= Virtual surround =

Systems designed to simulate surround sound using fewer loudspeakers

Virtual surround is an audio system that attempts to create the perception that there are many more sources of sound than are actually present. In order to achieve this, it is necessary to devise some means of tricking the human auditory system into thinking that a sound is coming from somewhere that it is not. Most recent examples of such systems are designed to simulate the true (physical) surround sound experience using one, two or three loudspeakers. Such systems are popular among consumers who want to enjoy the experience of surround sound without the large number of speakers that are traditionally required to do so.

==Types==
A virtual surround system must provide a means for 2-dimensional imaging of sound, using some properties of the human auditory system. The way that the auditory system localises a sound source is a topic that is studied in the field of psychoacoustics. Thus, virtual surround systems use knowledge of psychoacoustics to "trick" the listener. There are several ways in which this has been attempted.

===Using HRTFs===
Some methods use knowledge of head-related transfer function (HRTF). With an appropriate HRTF, the signals required at the eardrums for the listener to perceive sound from any direction can be calculated. These signals are then recreated at the eardrum using either headphones or a crosstalk calculation method. The disadvantage of this approach is that it is very difficult to get these systems to work for more than one listener at a time.

===Using reflections===
Some virtual surround systems work by directing a strong beam of sound to reflect off the walls of a room so that the listener hears the reflection at a higher level than the sound directly from the loudspeaker. One example of this technology is a commercially available Digital Sound Projector by Cambridge Mechatronics (formerly 1 Ltd). It employs 40 micro drivers and 2 woofers as well as projection technology to control the direction of the sound. The micro drivers' sound is focused into groups of "beams" that reflect off the room's walls. The center channel's sound is projected directly to the listening position. Another example is S-Logic marketed by the German headphones manufacturer Ultrasone. With this technology (which may also be considered a hybrid of HRTF and reflection-based methods), decentralized transducer positioning is used to spread sound over the outer ear in an attempt to mimic sound heard over speakers.

For virtual surround to be effective, the room should be both physically symmetrical about the perpendicular to the line between the speakers, and the absorbing characteristics of the left and right walls. An absorptive piece of furniture close to one speaker, and not matched on the other side, will cause the sound field to shift to the "live" side of the room. The resulting "sound stage" is affected by asymmetry.

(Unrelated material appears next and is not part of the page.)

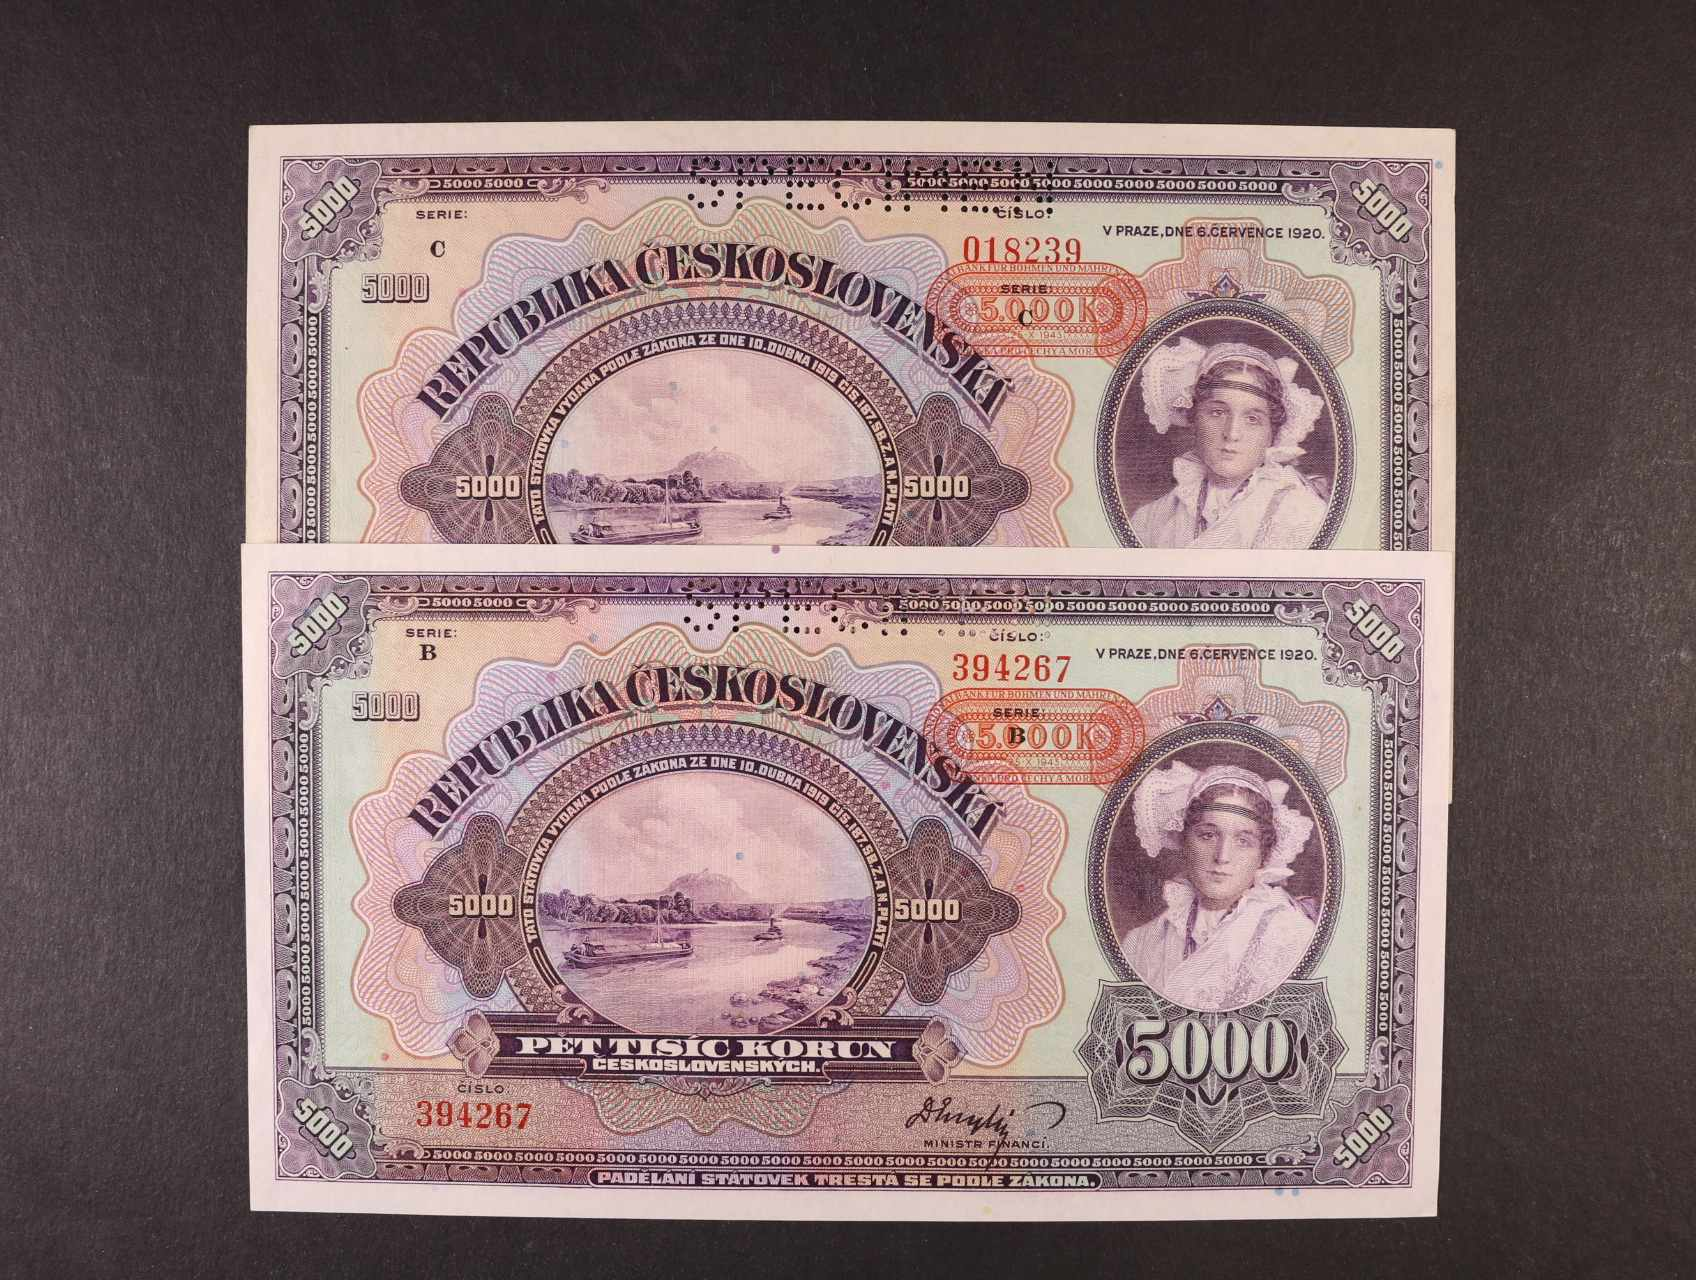 5000 K 6.7.1920 s přetiskem 25.10.1943 série B, C nevydaná, perf. SPECIMEN, Ba. N3, Pi. 16, 2ks

===Creating a diffuse source===
Perception of direction is greatly affected by the relative time that a sound arrives at each ear and any difference in the amplitude of a sound at each ear. It is possible to create a sound source having an output characteristic which is rapidly varying with direction and frequency of signal. These kinds of sources create sound fields that are rapidly variable around the listener's room. These are often referred to as diffuse sources, this is because their output resembles a diffuse sound field — a sound field where soundwaves are traveling in all directions with equal probability. In a diffuse field the sound at each of a listener's ears is so completely different that it is impossible for the brain to work out where the sound has come from. A diffuse source located in front of the listener will be hard to localize and can be used to carry the surround signals.